**WHAT THE EXERCISE ASKS**
Word for word, please restate the line that contains "Want to learn" and all lines after it through the end of the material, minus the pictures.

**INPUT DATA**
*** Block opens ***

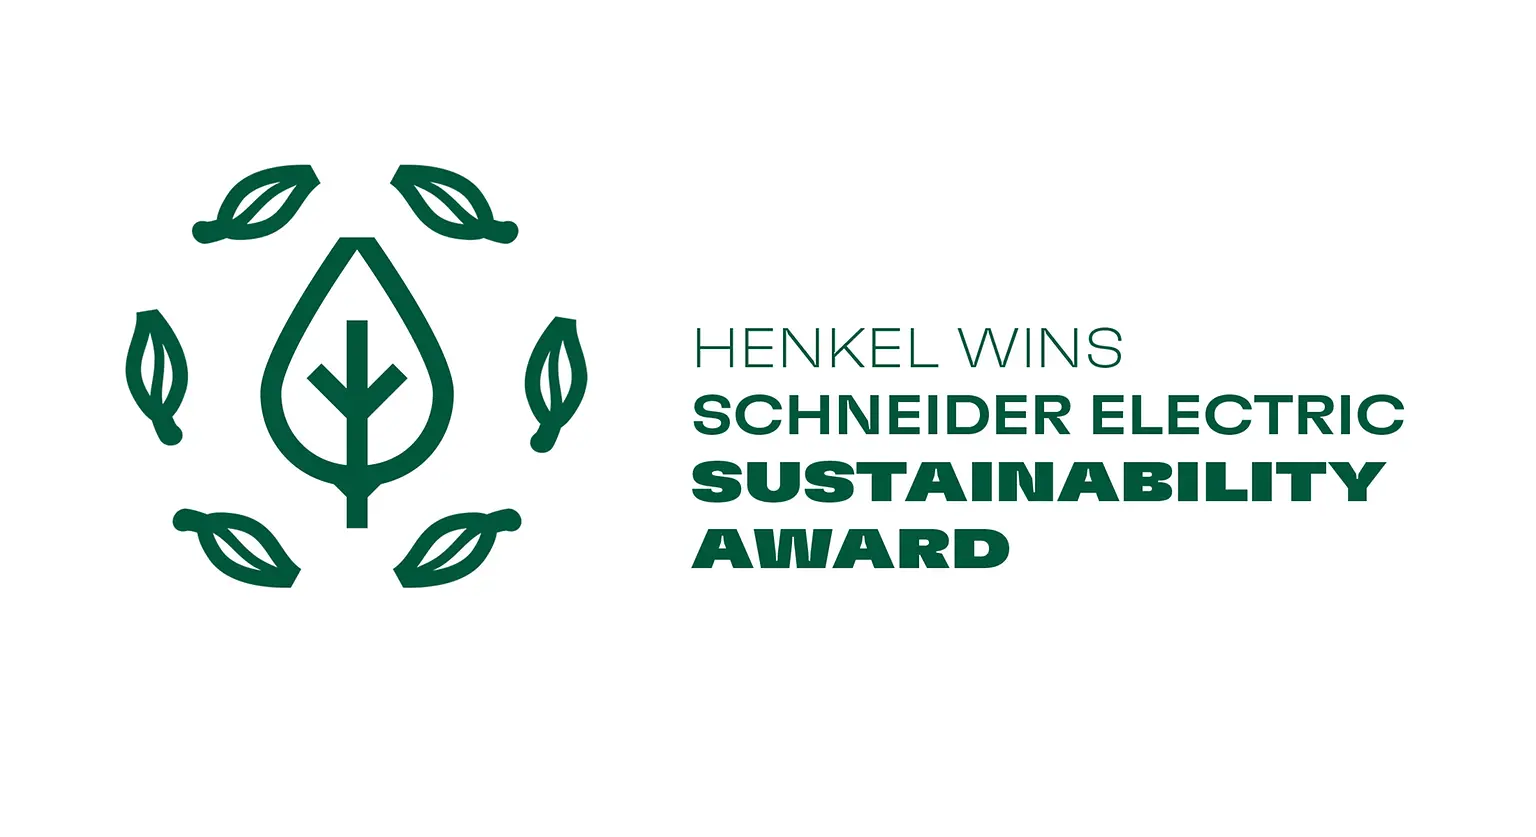 
Henkel has been recognized with the prestigious Schneider Electric Sustainability Award
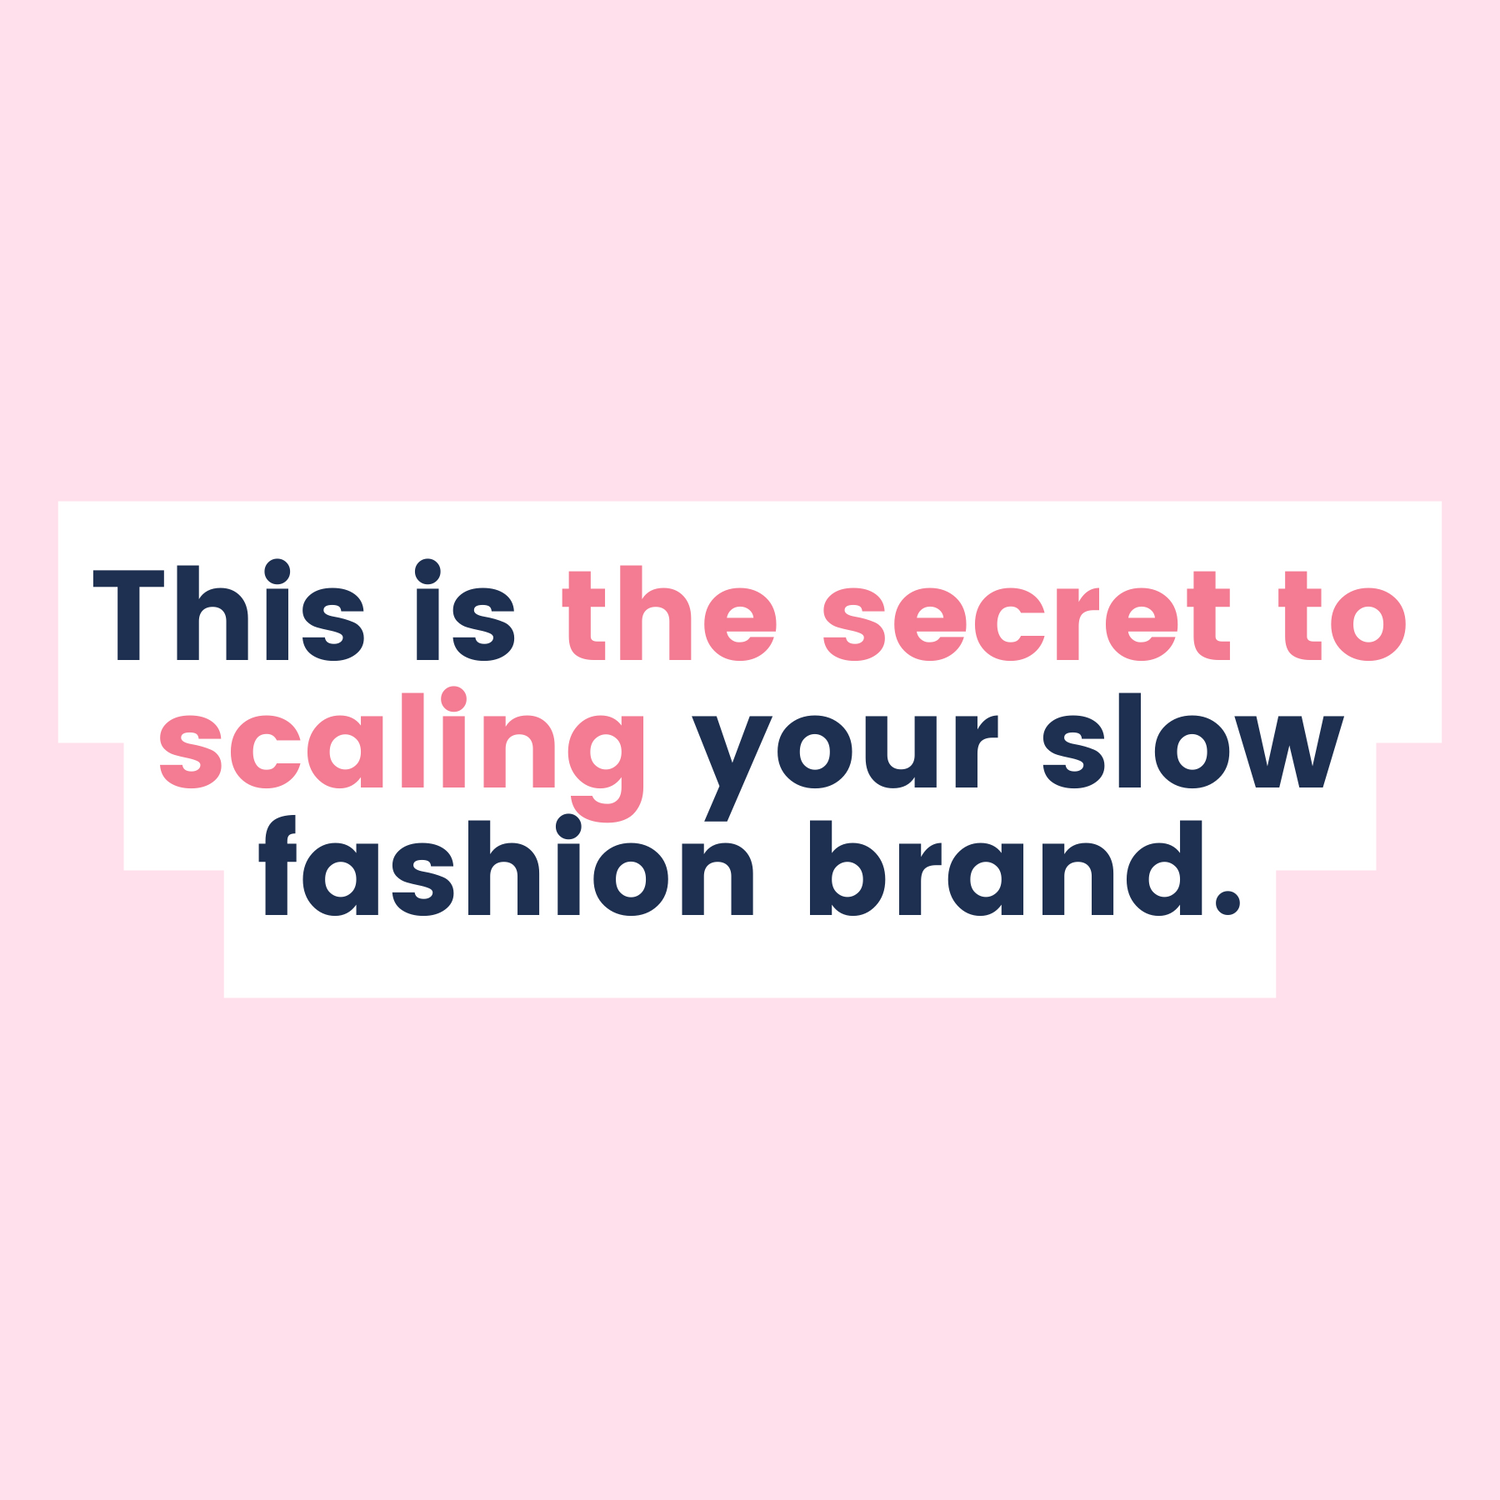 Want to learn how to scale your sustainable fashion label and get stocked all over the world - The Fashion Advocate
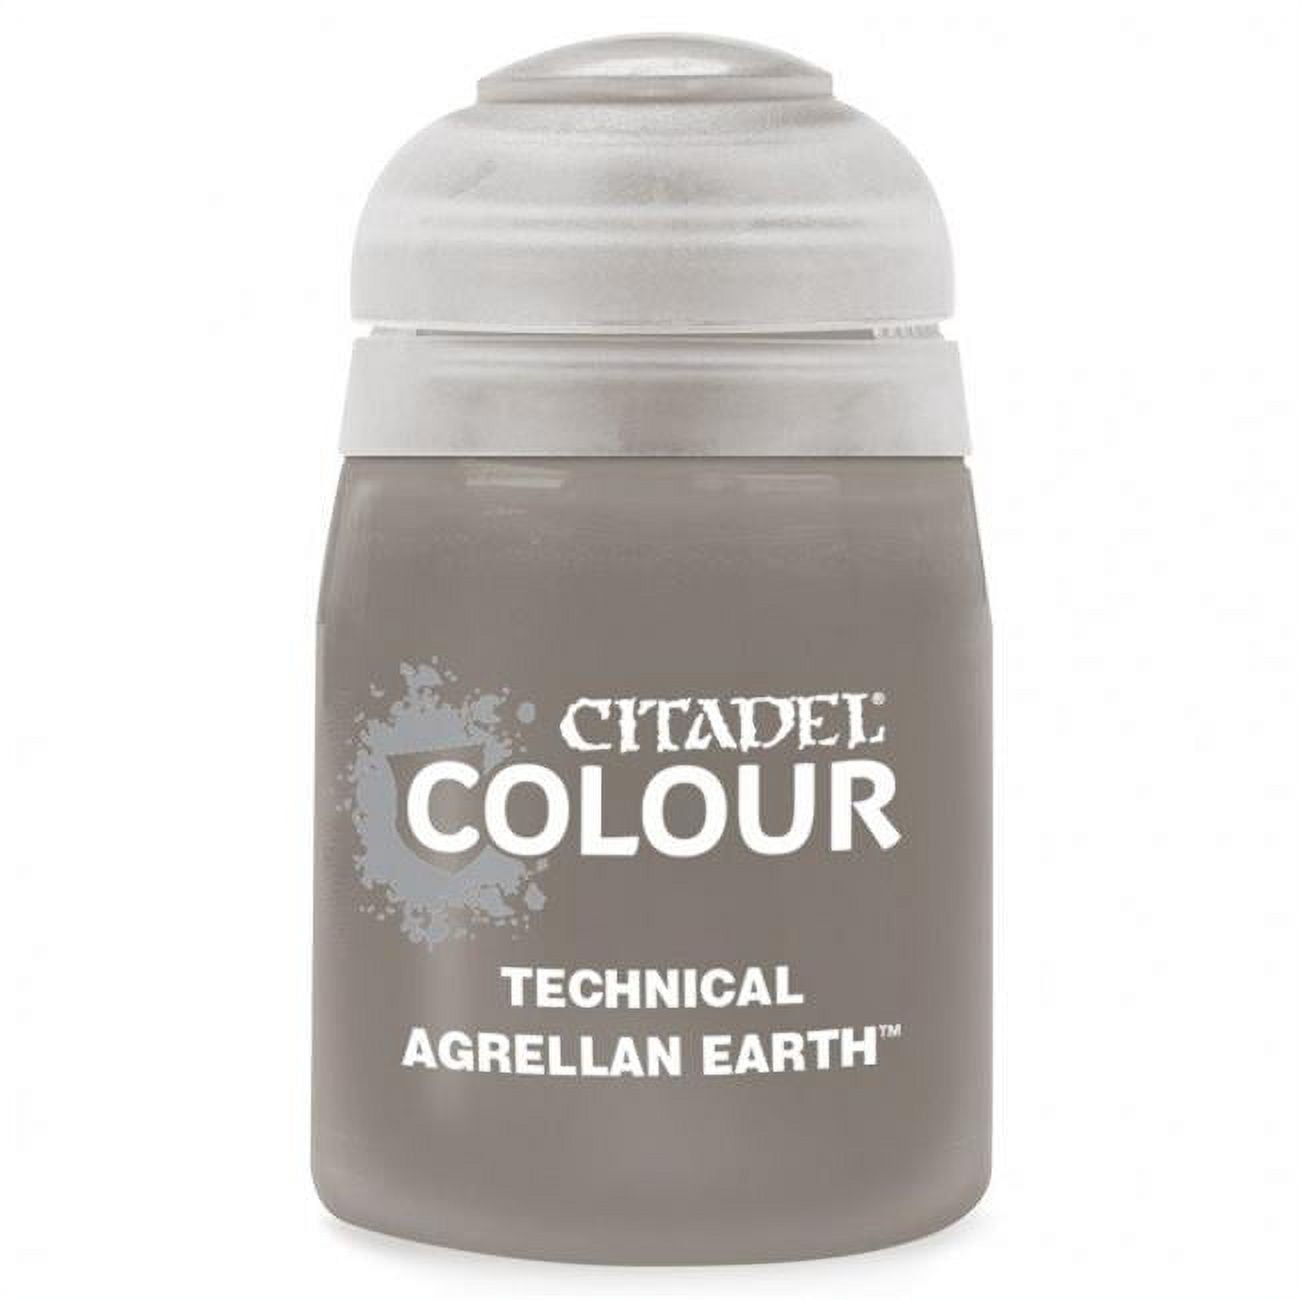 Citadel Colour: Technical Contrast Medium By Games Workshop 27-33 In stock

*** Block closes ***

**YOUR RESPONSE**
 Want to learn how to scale your sustainable fashion label and get stocked all over the world - The Fashion Advocate
 Citadel Colour: Technical Contrast Medium By Games Workshop 27-33 In stock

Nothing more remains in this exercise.